Потешившие свою душу над обоими Воронцовыми, бояре успели остыть на воздухе.
– Ну, ин ладно! – отозвался запевала – Шуйский Андрей. – Взашей их с крыльца… Эй, стража, подбери-ка казначеев княжевых, господарских!
И когда кубарем слетели со ступеней, сброшенные вниз, оба Воронцова, их подхватили стражники Шуйского и повели в тюрьму.
Великий князь Иван видел это в окно. Не успел вернуться в столовую палату митрополит, как отрок кинулся к нему:
– Спасибо, отче… Видел я: вызволил ты несчастных. Век тебя не забуду… Еще прошу: поди от меня Шуйских моли: недалеко бы их… В Коломну бы их, чего лучше? Пусть там пока что проживают… Воронцовы, если уж из Москвы их выбить задумали… Вон шумят бояре на крыльце… Толкуют, видно: как дальше им быть? Скорей иди, отче!
Опять вернулся Макарий на крыльцо.
– С чем опять? – крикнул ему Фомка Головин, особенно не любивший Воронцовых и недовольный, что не дали ему прикончить недругов.
Макарий передал просьбу царя.
– В Коломну?! Ишь ты! А то еще в Тверь, благо Москве она дверь! – с издевкой подхватил Фомка. – Поди скажи княжати своему: не бывать тому! Ступай, ступай…
Яростно надвигаясь на Макария, чтобы заставить того уйти, Фома тяжелым, подкованным сапогом наступил на край его мантии, и затрещала, разрываясь, крепкая ткань.
Макарий не сдвинулся.
Так же мягко, плавно и внушительно, как всегда, он произнес:
– Да сбудется реченное пророком: разделили ризи мои между собою и об одежде моей бросали жребий.
Услыхав такой упрек, сравнение их с мучителями Христа, бояре сдержаться захотели.
– Иди, отче, с миром к царю и скажи: в Коломну – больно близко для изменников, доносчиков и воров ведомых… На Кострому мы их сошлем, – сказал Андрей Шуйский.
Молча выслушал ответ бояр Иван, без звука, низко поклонился святителю – и прочь пошел в свою горницу.
Не плакал уж он, не приходил в ярость, как в другие разы… Шел медленно, словно и не видал ничего вокруг… Вот уж у себя в покое он…

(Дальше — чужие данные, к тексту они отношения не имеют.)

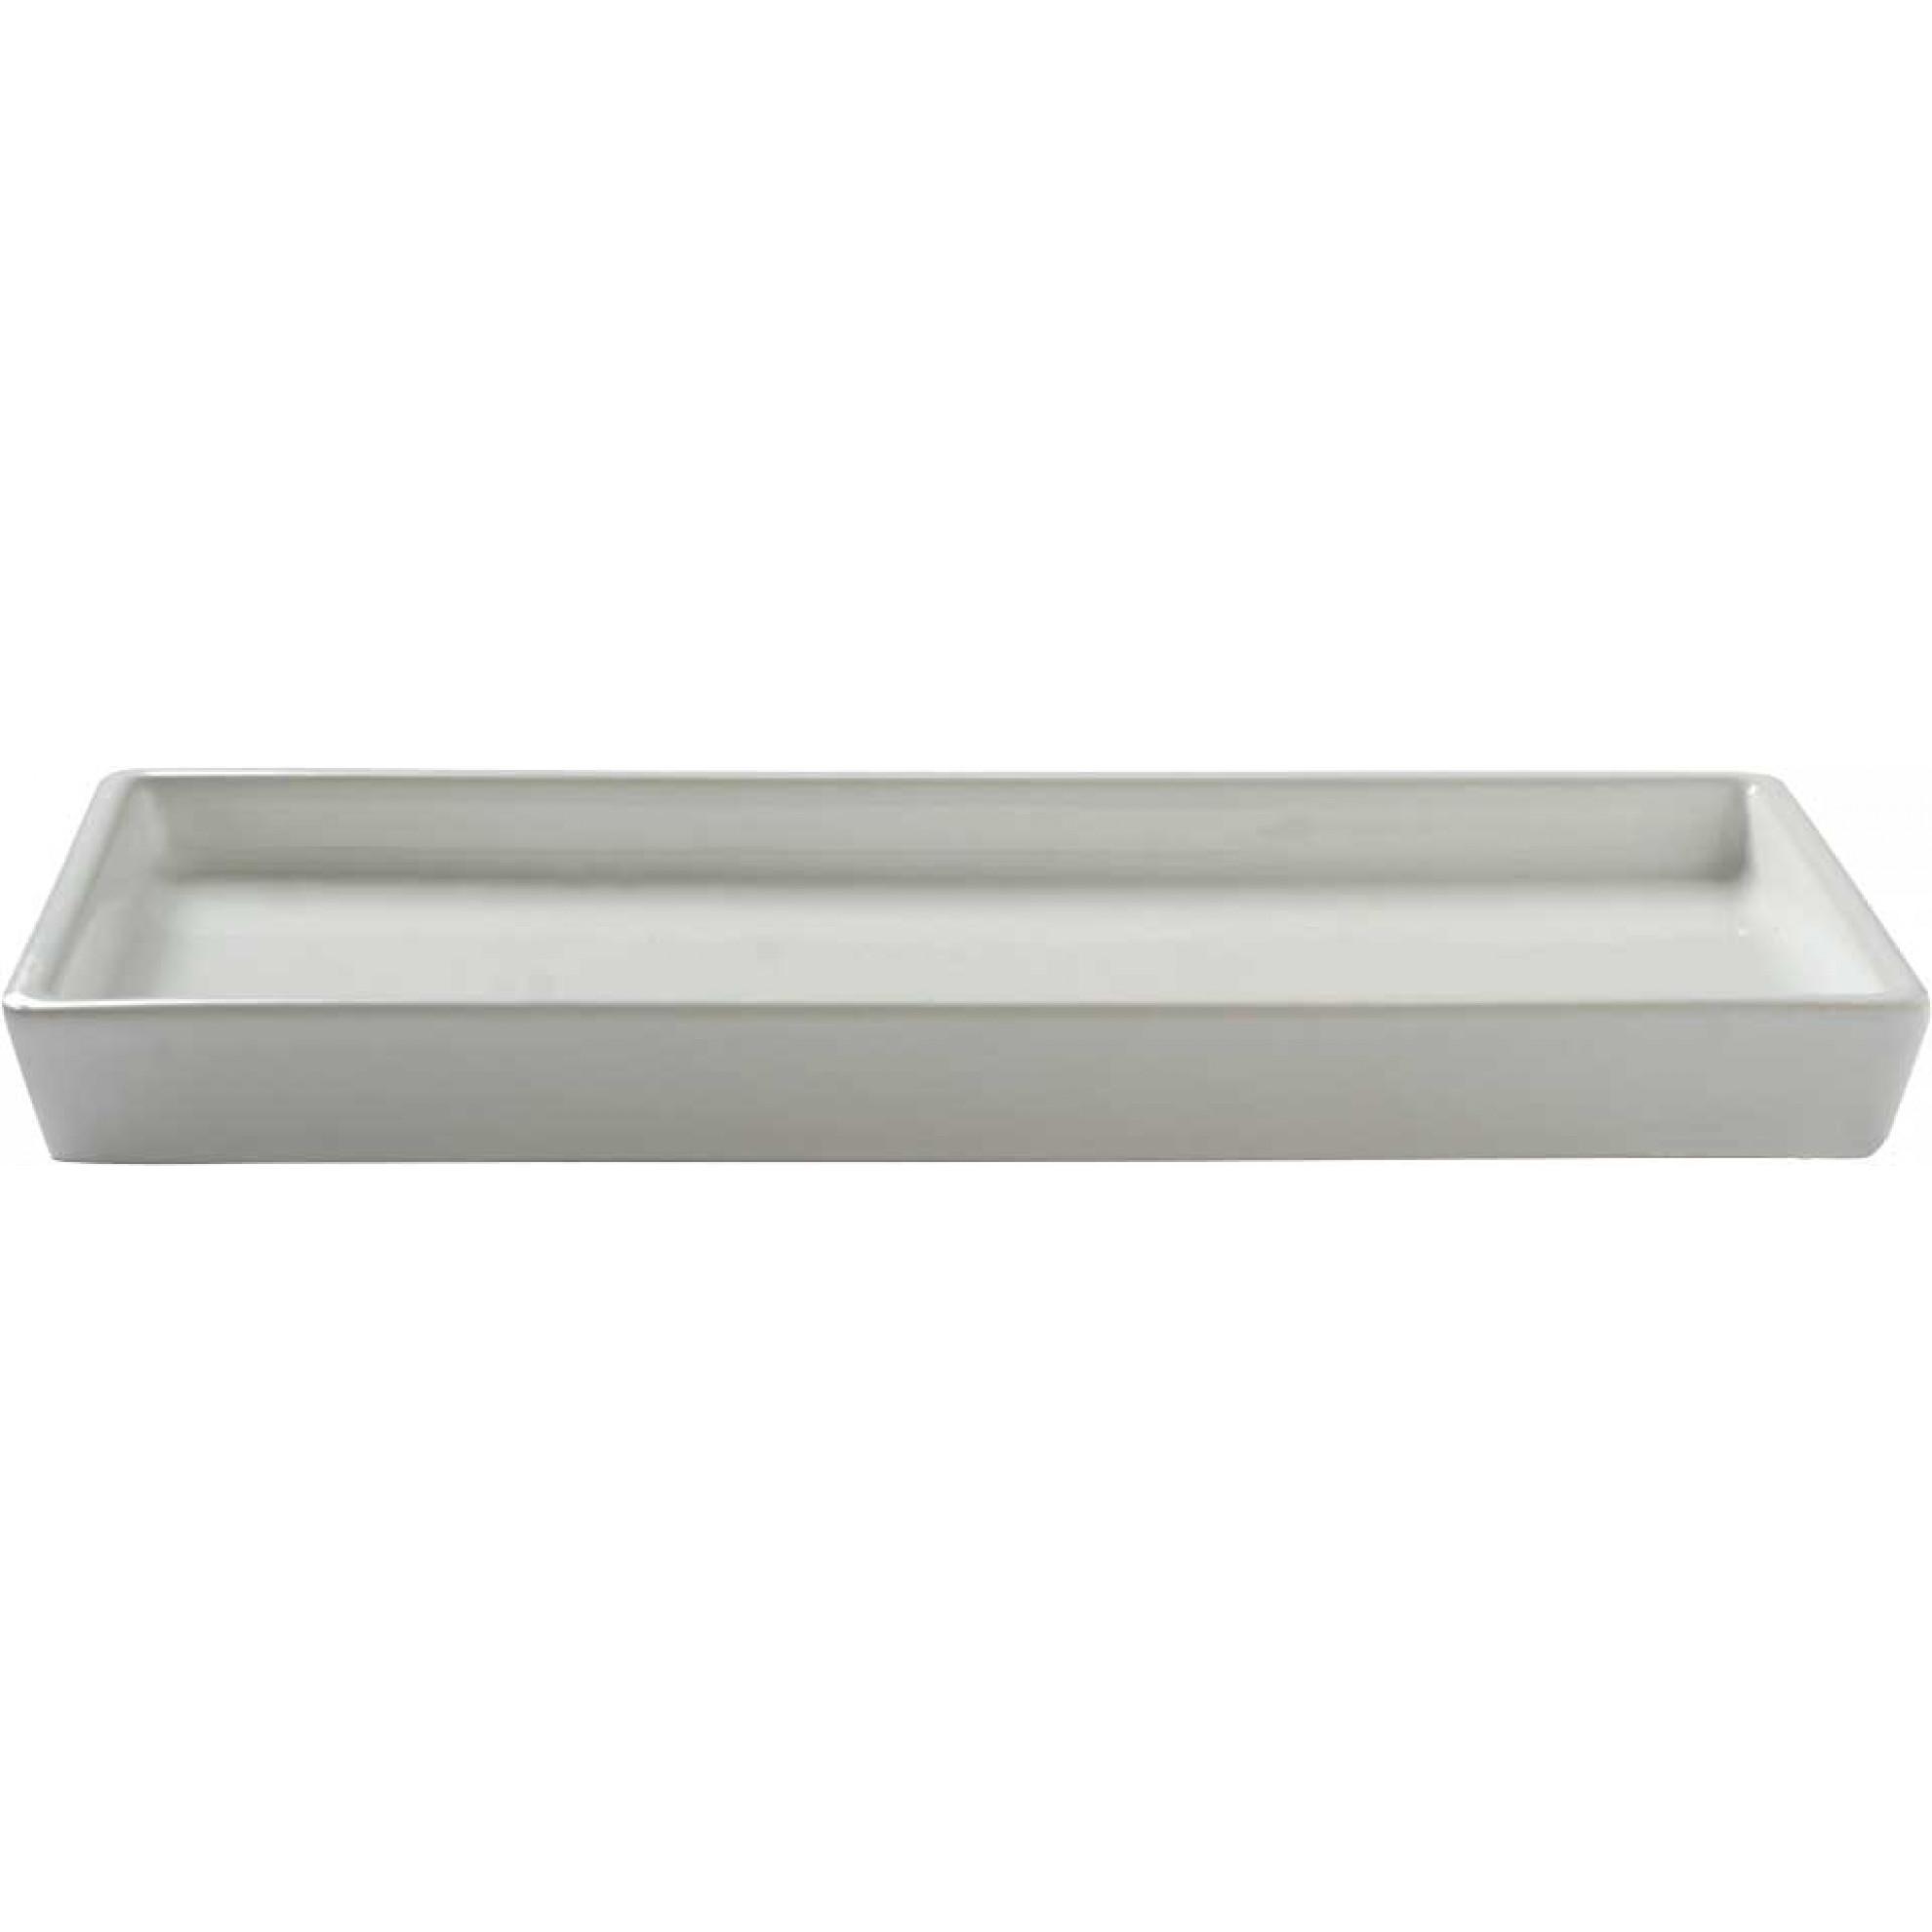 Spare Ceramic Drip Tray White For Triple Rack
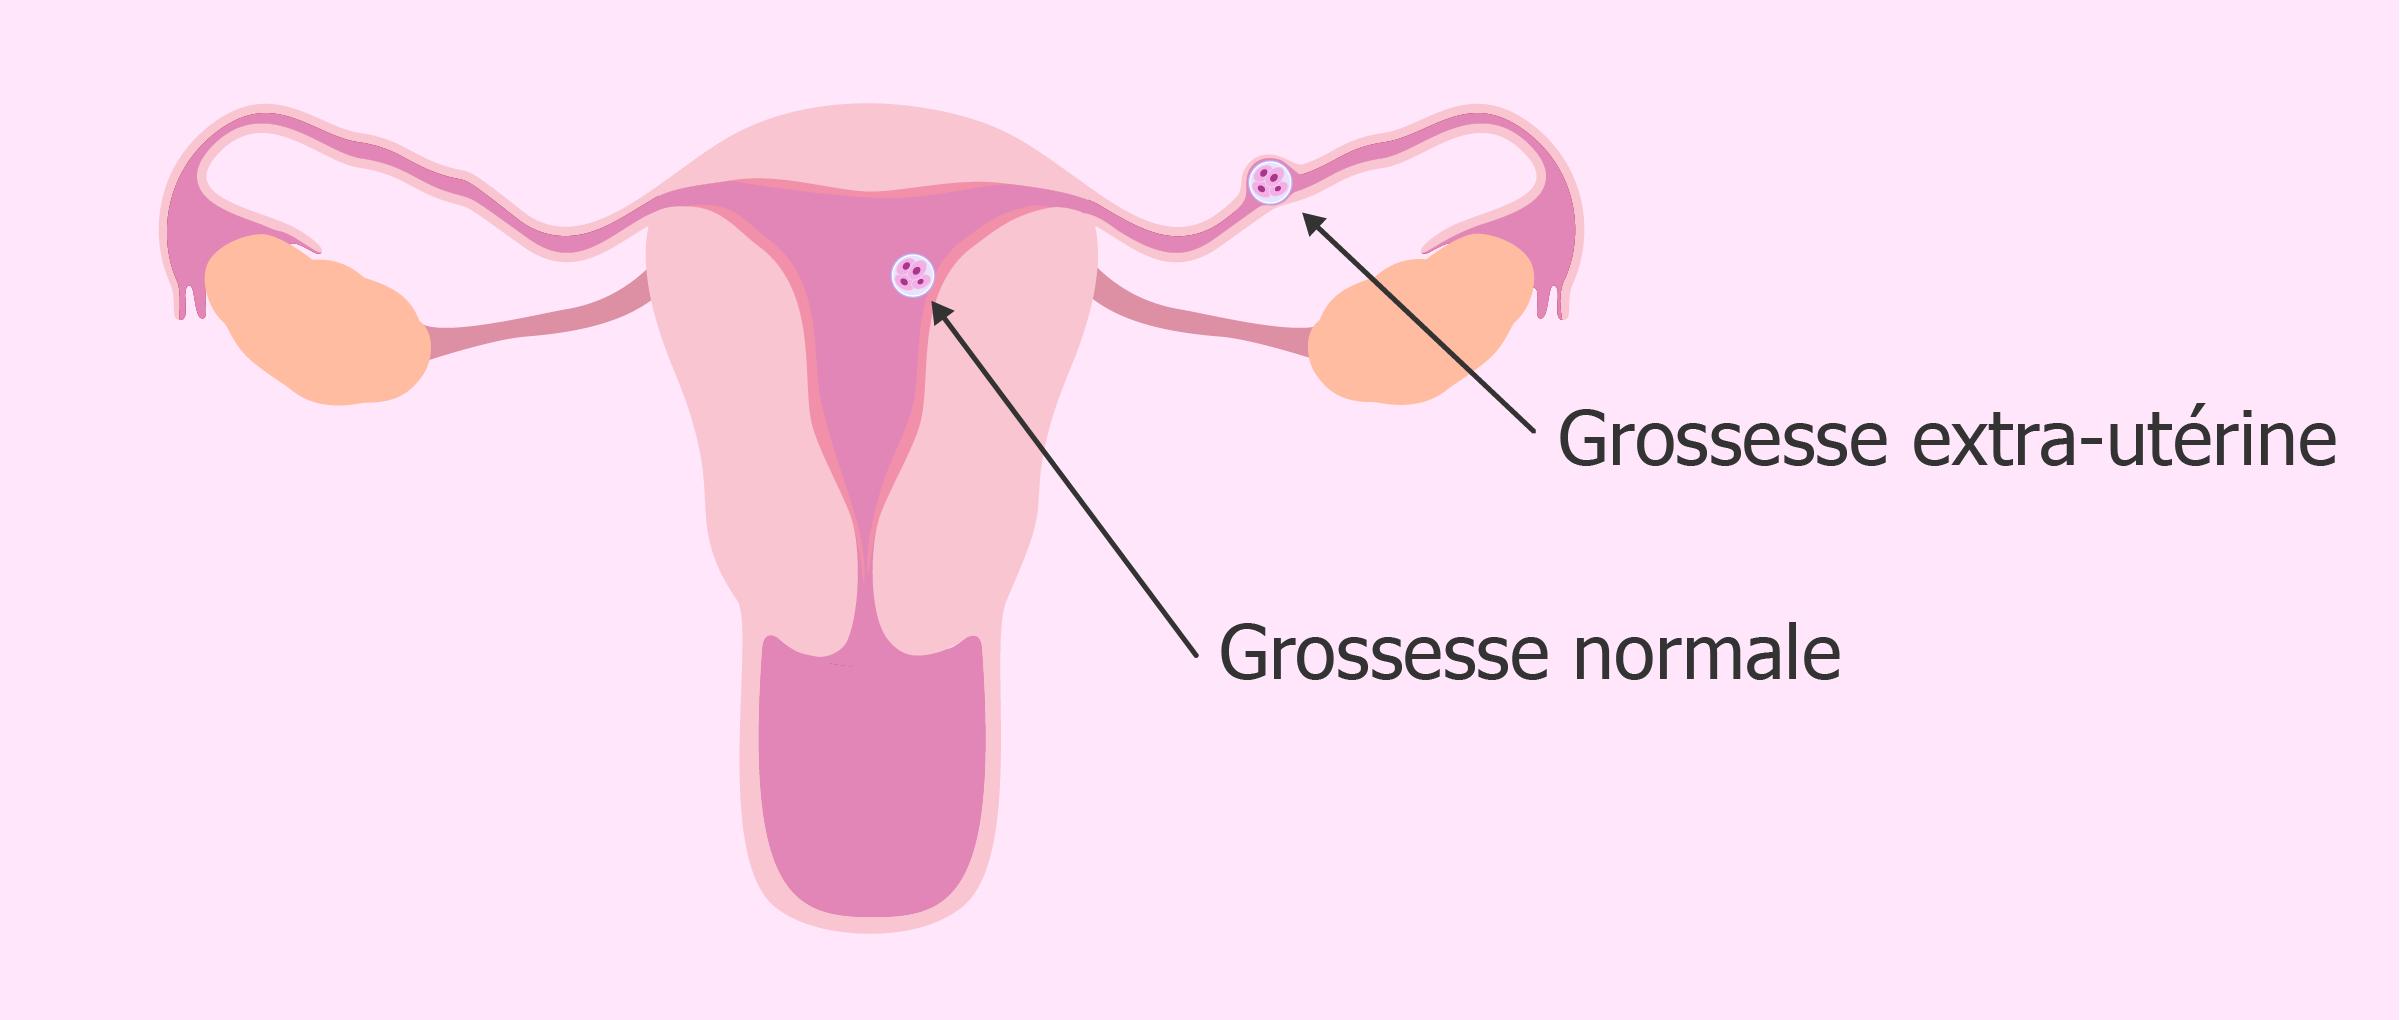 Grossesse extra ut rine apr s un transfert embryonnaire - Fausse couche grossesse extra uterine ...

Сидящий здесь десятилетний Юрий, которого всегда любил и ласкал государь – брат старшой, тот, несмотря на всю тупость свою, когда увидал страшное, перекошенное злобой лицо Ивана, не осмелился даже подойти к нему. Притихла и Евдокия Шуйская, двоюродная сестра Ивана, тут же, как мышка, прикорнувшая под надзором няньки, боярыни неважной…
И хотела – и боялась она подойти спросить: что с братцем, всегда таким веселым и ласковым с ними с «малышами», как звал Иван ее и Юру, гордясь своим старшинством.
Молча дошел Иван до окна, в глубокой нише которого были два выступа по бокам сделаны, словно скамейки две, и ковриками перекрыты…
Не сел он, а так, стоя глядел на площадь в раскрытое окно.
Слышит, что-то живое, мягкое завозилось у ног его.
Взглянул он: кошечка, любимый котенок это Евдокии, которого и сам Иван порою баловал. Теперь котенок подобрался к ногам княжим, стал лапкой за кисть сапожка сафьянового потрагивать-поигрывать; мурлычит еле слышно, ласково…
Вдруг с каким-то яростным, глухим, горловым взвизгом, скорей похожим на вой зверя, чем на крик человеческий, поднял ногу Иван и с быстротою молнии опустил ее прямо медной подковкой на головку бедного зверька… Тот и не мяукнул… раздался череп… А Иван все топтал зверька и приговаривал глухим, хриплым шепотом:
– Андрею так… Фомке так… И Алешке… И Шкурлятеву… И Кубенским… Так… так… так…
И вдруг, нагнувшись, схватил истоптанное животное и с каким-то необычайным, заливчатым хохотом швырнул из окна туда, вниз, в шумную народную толпу, снующую перед дворцом…
Нянька, в испуге выбежала… дала знать митрополиту и большим боярам, что с государем неладное творится что-то… Евдокия сначала окаменела от страха и жалости за свою кошечку, но вдруг опомнилась… Кинулась сперва к братцу… Потом к дверям… Словно побежать хотела туда, на площадь, где, окровавленное, лежало тельце ее любимицы… Но тут ее переняла возвращавшаяся нянька.
А Иван, заливаясь все тем же больным, неудержимым хохотом, повалился на выступ у окна – и по телу, по лицу у него стали пробегать частые судороги, предвестники обычного припадка.